In Paris v. State, 668 S.W.2d 411 (Tex. Cr.App.1984), the defendant filed waivers of speedy trial under a felony information for aggravated robbery. An indictment alleging the same offense was filed outside the time limits of the Speedy Trial Act. We held that since the two charging instruments alleged the same offense, the defendant’s earlier waiver of speedy trial transferred to the subsequent indictment.

Likewise in Rosebury v. State, 659 S.W.2d 655 (Tex.Cr.App.1983), the defendant waived his right to speedy trial under indictments which alleged possession of tet-rahydrocannabinol (THC). Subsequent to those waivers, the prosecution learned from the State’s chemist that the controlled substance in question was marihuana, not THC. Thereafter, the defendant was indicted for possiession of marihuana.
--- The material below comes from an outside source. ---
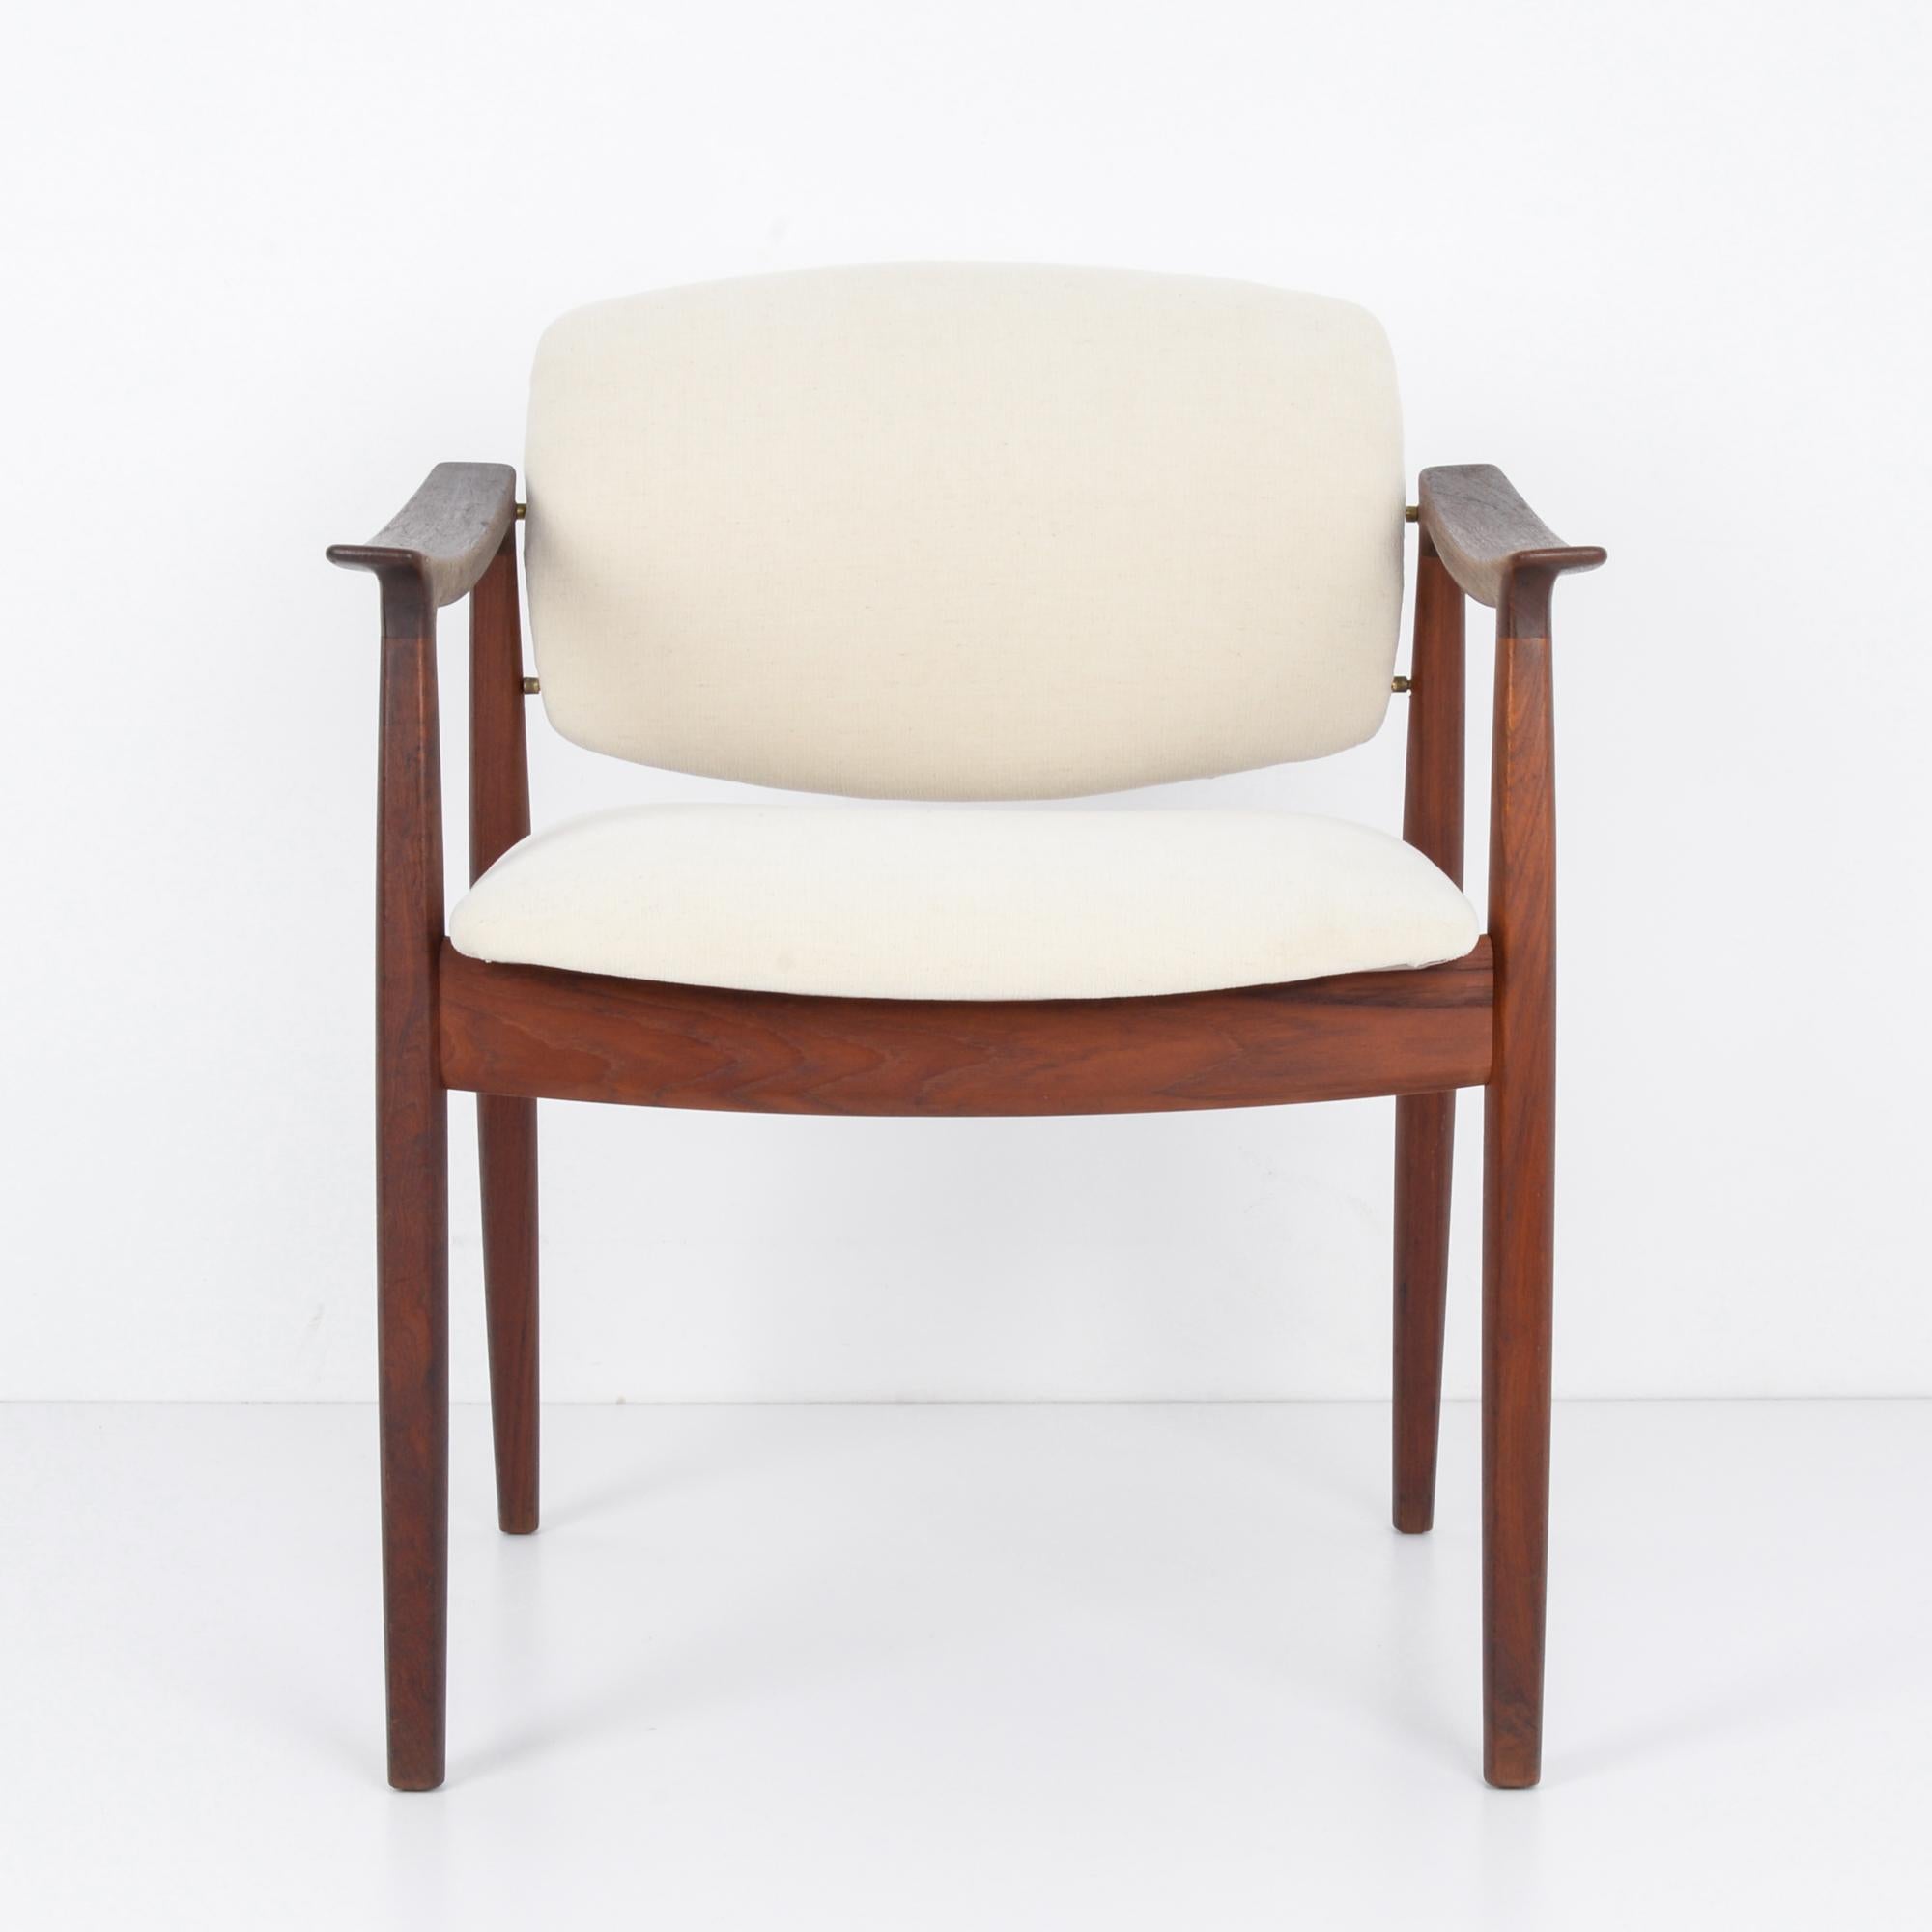 A wooden armchair from Denmark, circa 1960. Dark, mocha-colored wood with a soft polish, and a seat and backrest upholstered in a natural white. The frame is low-set, the back legs are set at an elegant slant, and the slope of the armrests invites a

Even though the indictment for possession of marihuana was filed outside the time limits of Article 32A.02, we held in Rosebury that the defendant’s previous waiver of his rights under the Speedy Trial Act applied to the marihuana indictment. We noted that the facts revealed that only a single offense had been committed. Only a single substance was possessed, and only a single offense was alleged, although at first erroneously pleaded.

Significantly in Rosebury, we observed that had the defendant in that case possessed both THC and marihuana, a different issue would be presented. Id. at 657. That “different issue” is presented in this case.